# 4-speed number matching?



## MotoCrazy (Jun 29, 2011)

So i appear to have the last 7 digits that of my vin to match the last 7 if the transmission...does that count as numbers matching? Or does it need to be the full 9? There’s also other numbers I’m curious about on the tail housing and a metal tag on a bolt, what are these and do they matter?


----------



## BLK69JUDGE (Jun 10, 2010)

september 18 69 date .... wow seems really late for a 69 car ...

M-20 ID pull tag ,,,,, NICE !....9798972

looks really stock and good ,,,,

pontiac drivers side speedo tail shaft #

I am glad for you getting a few miles out of it b4 this bombshell

that could have been alot worse ,,,, as in destruction ....

dont forget to gently hold the oil pan up with blocks to take the torque off your headers,.,, and motor mounts


----------



## GTOTIGR (May 3, 2020)

Hi MotoCrazy,

From the data available your numbers match, as does your Muncie case numbers and trans tag for a 69 GTO. Not all of the VIN tag numbers were stamped on the Muncie’s. 

September 18th is really late as BLK69JUDGE states. Another reference to verify is your firewall data plate.
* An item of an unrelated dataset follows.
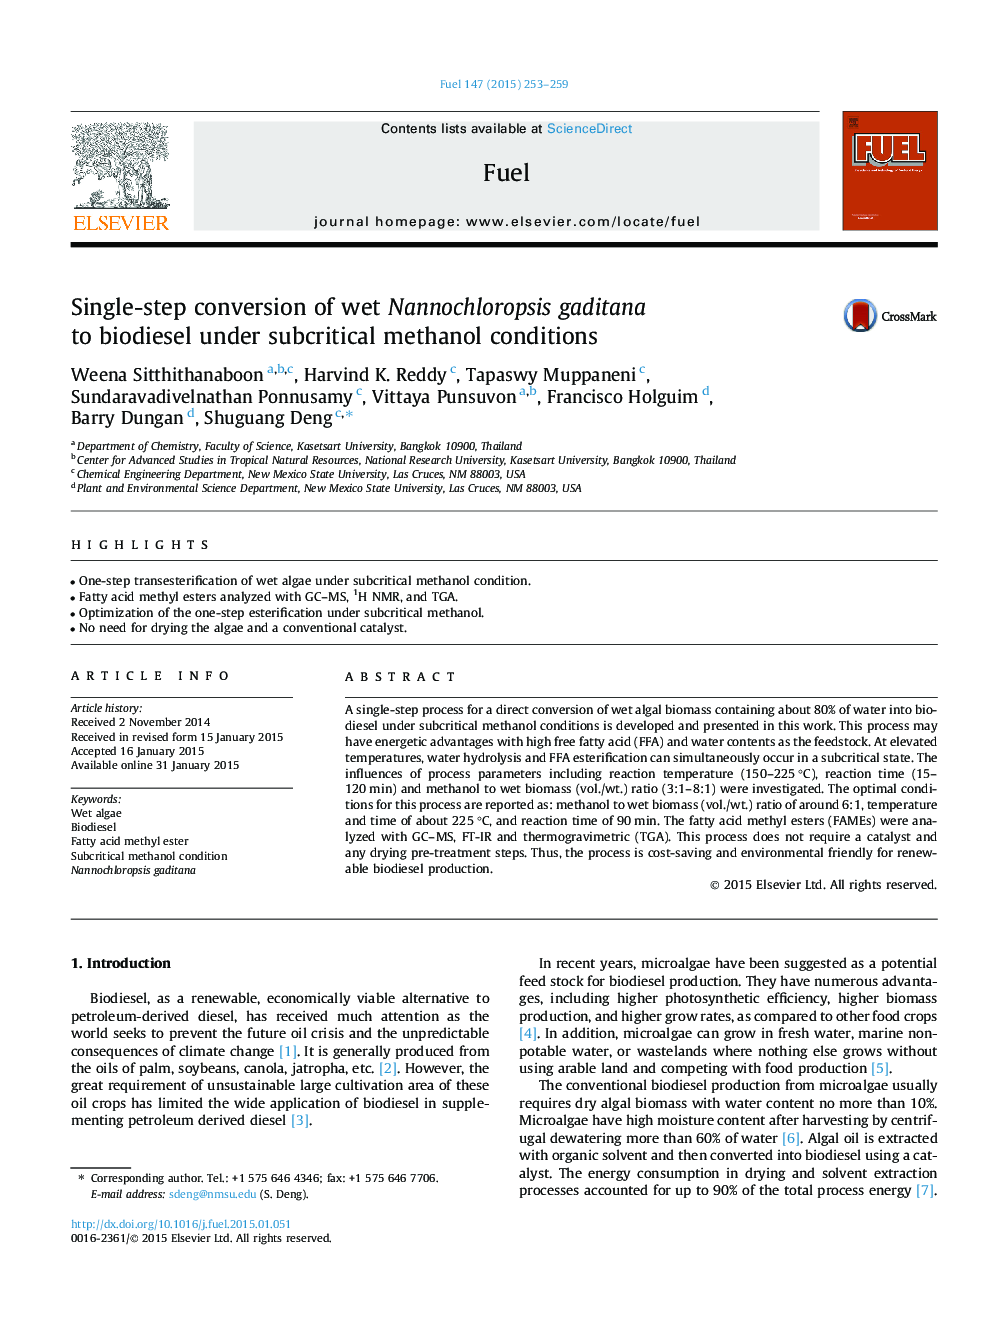 Single-step conversion of wet Nannochloropsis gaditana to biodiesel under subcritical methanol conditions

The body/ car build code should be ~ 30 from your motor and transmission build date.

A good source of Muncie and Hurst shifter information is Paul with Muncie 4 Speed Transmissions


----------



## NOS Only (Nov 14, 2017)

Consider yourself lucky that it didn't grenade at the factory or under warranty. Once in awhile a unicorn exists. Most unicorns today are built by their owners.

Does it matter? Not in my book.

What matters is that people are having fun with their GTO as they were meant to be used. Not making it something it never was meant to be, a corvette trailer queen in the shape of a GTO.


----------